If you want to get started, I recommend downloading Racket, a highly popular implementation of Scheme. It has everything you need, including a simple-but-very-powerful IDE with a read-eval-print loop, right out of the box. Though originally developed as a teaching language, it comes with a very large standard library more characteristic of Common Lisp than of Scheme. As a result, it's seeing use in real production environments.
Runtime Environments
Common Lisp and Scheme generally have their own unique runtime environments. There are some variants of Scheme (Chicken and Gambit) which can be translated to C and then linked with their environments so as to be able to be deployed as stand alone executable programs.
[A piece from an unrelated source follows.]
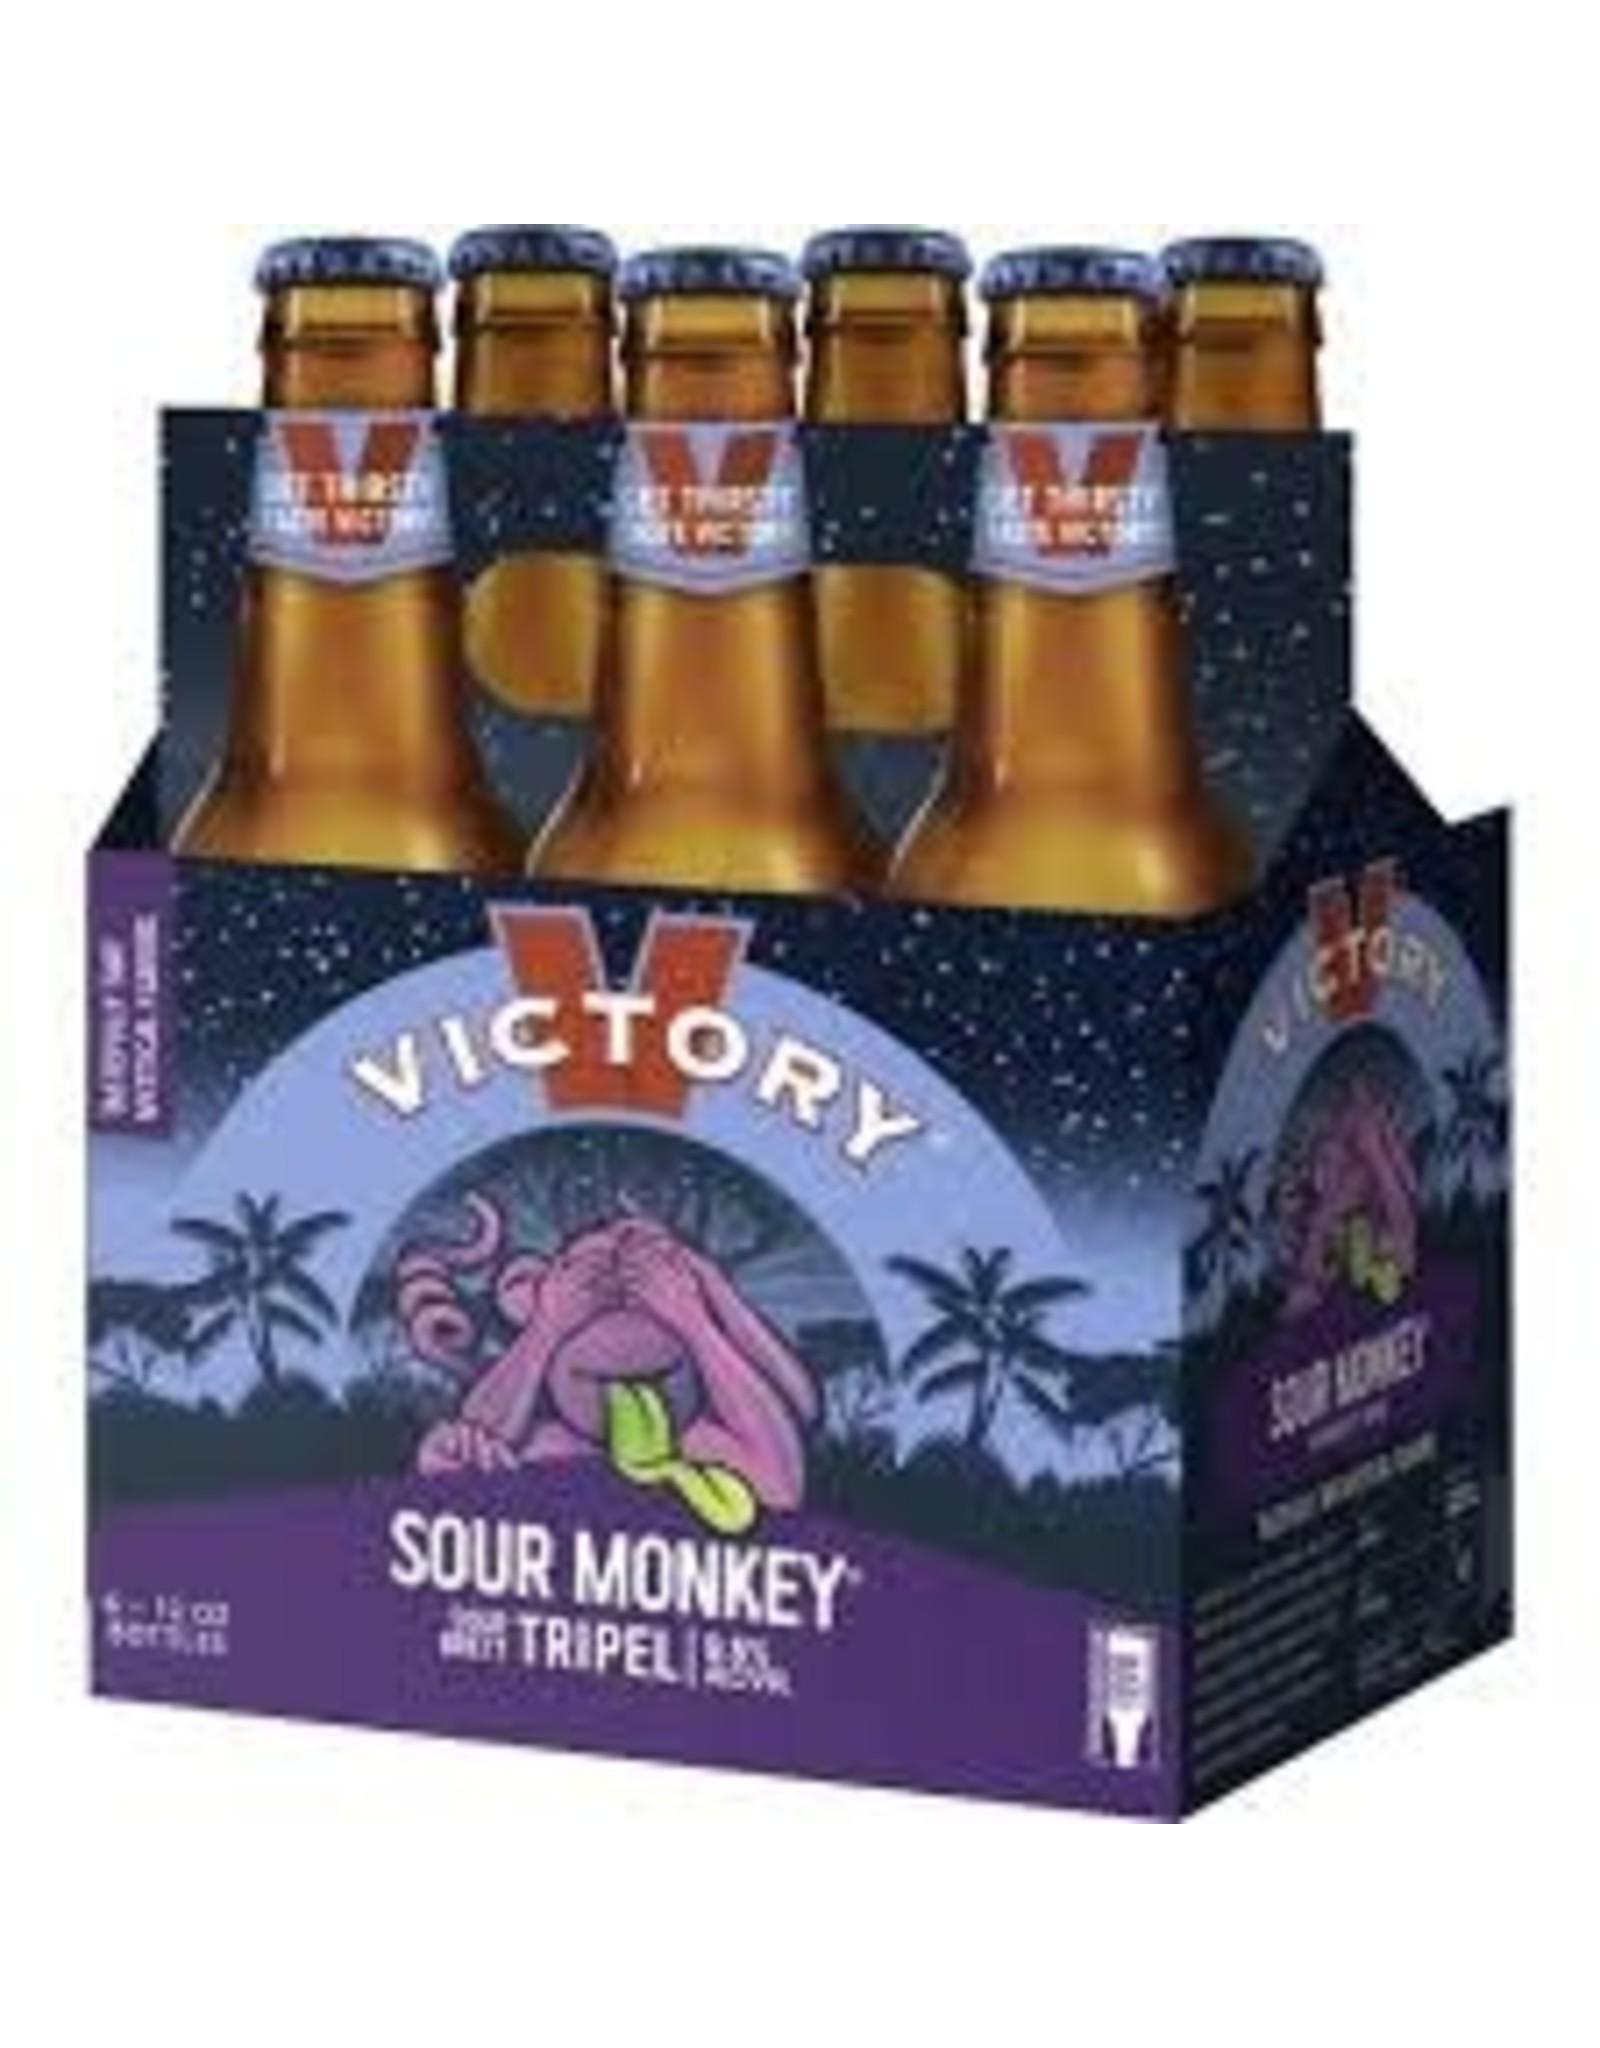 Victory Victory Sour Monkey 6pk bottle

Clojure runs in the JVM, and there is also a CLR port, but its not clear to me that the CLR port is current with the JVM. Clojure also has Clojurescript, which targets a Javascript runtime.
Which is Better to Learn First
I don't think that question has a good answer. Its up to you. Although if you have experience with the JVM, Clojure might be a bit smoother to start with.
What is Better about Lisp
That's a question liable to start a flame war. I don't have much lisp experience. I started learning Clojure a few months ago in earnest, have looked at Common Lisp and Scheme on and off over the years.
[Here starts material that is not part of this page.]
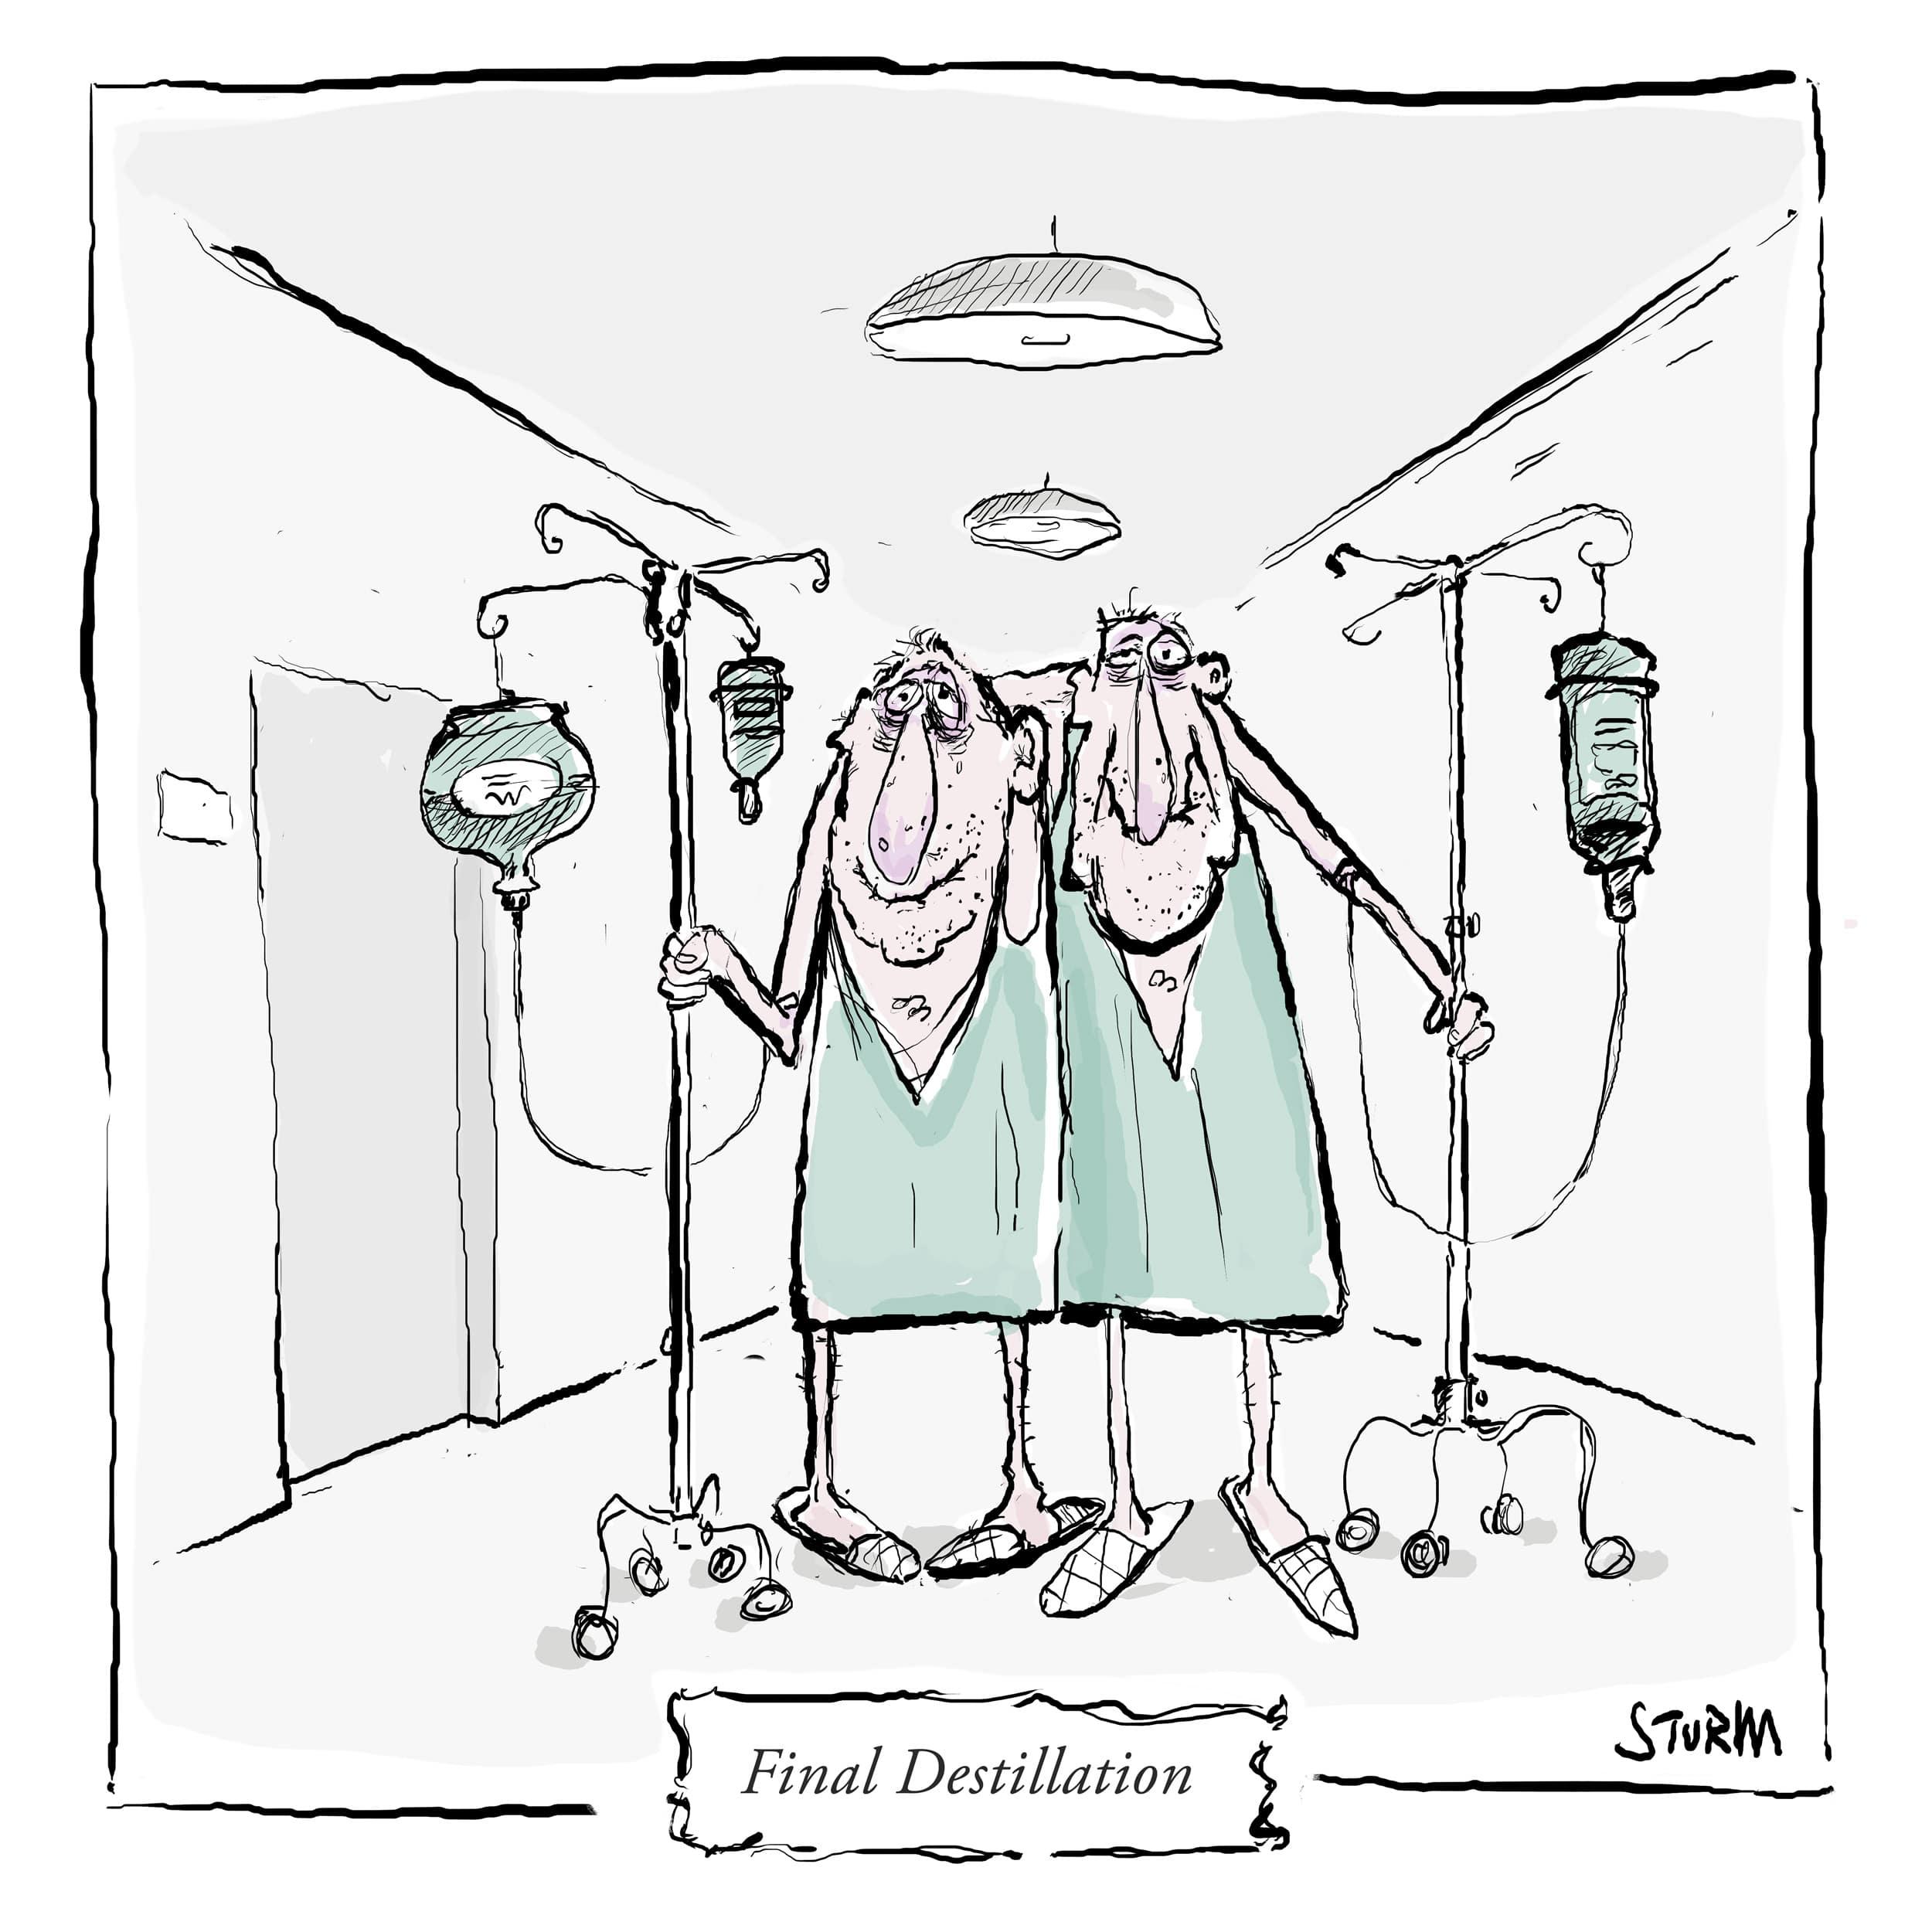 The Final Destillation - Cartoon Philipp Sturm

What I like is their dynamic natures. You need to change a function at runtime while your program is running? No problem! Like any power tool, you have to be careful not to chop your bits off when using this.
The power and expressiveness is addicting too. I am able to do some things with little effort that I know I could not achieve in Java, or I know would require a lot more work. Specifically, I was able to put together a description of a data structure - and though the use of macros, delay evaluation of parts of the data until the right time. If I had done that in Java, I would not have been able to nest the declarations like I did because they would have evaluated in the wrong order. Pain would have ensued.
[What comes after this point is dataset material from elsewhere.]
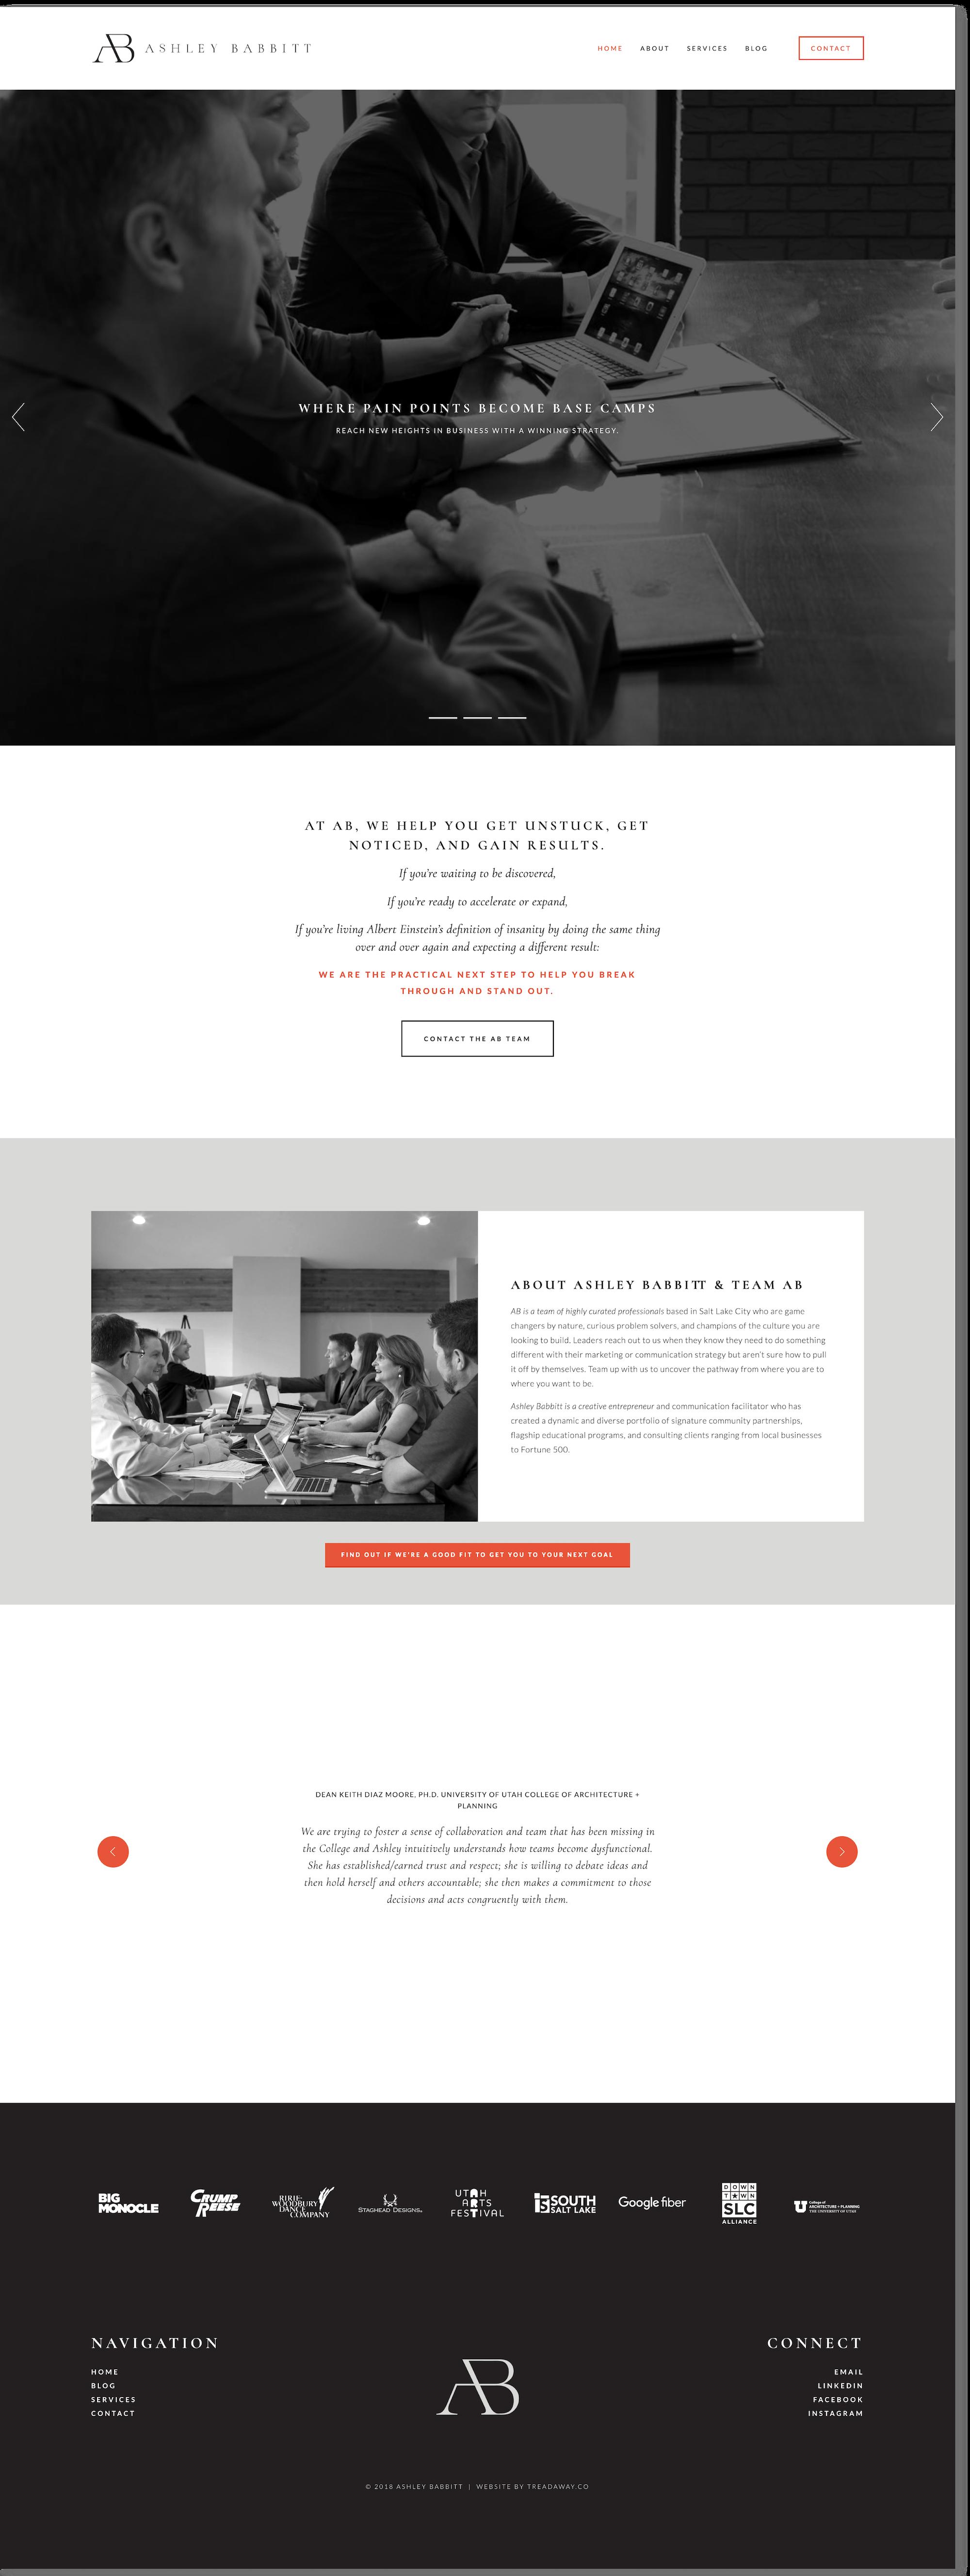 Ashley Babbitt Website Design Squarespace Circle Treadaway Co Design Branding-02.png

I also like Clojure's view of functional programming, although I have to say it requires work to adjust.
Is Lisp General Purpose
Yes.
--
Mark Volkman has a really good article on Clojure. Many basics are there. One thing that I did in the beginning was to just fire up a repl and experiment when I needed to figure something out programmatically. e.g. explore an API or do some calculations. After a short period of time with that I started working on more building up levels of effort, and I have a project that I'm working on right now that involves Clojure.
There isn't a bad book about Clojure that has been written. The Stuart Sierra book is being updated; and the Oreilly book is about to come out soon, so you might want to wait. The Joy of Clojure is good, but I don't think its a good starter book.
For Common Lisp, I highly recommend the Land of Lisp.
For Scheme, there are several classics including The Little Schemer and SICP.
Oh, and this: http://www.infoq.com/presentations/Are-We-There-Yet-Rich-Hickey (maybe one of the most important talks you'll ever watch), and this http://www.infoq.com/presentations/hickey-clojure (IIRC, really good intro to Clojure).
common lisp
Common Lisp is both compiled and interpreted. Deployments (in Windows) can be done by an exe with DLLs. Or by a precompiled bytecode. Or by installing a Lisp system on the target device and executing the source against it.
Common Lisp is a fully usable industrial language with an active community and libraries for many different tasks.
Lisps are generally faster for development and due to the abstraction capabilities, better at developing higher level concepts. It's hard to explain. Ruby vs. C is an example of this sort of thing. All Lisps carry this capacity IMO.
Common Lisp is a general purpose language. I don't know offhand if modern Common Lisp implementations directly support executing assembly, so it may be difficult to write drivers or use compiler-unsupported CPU instructions.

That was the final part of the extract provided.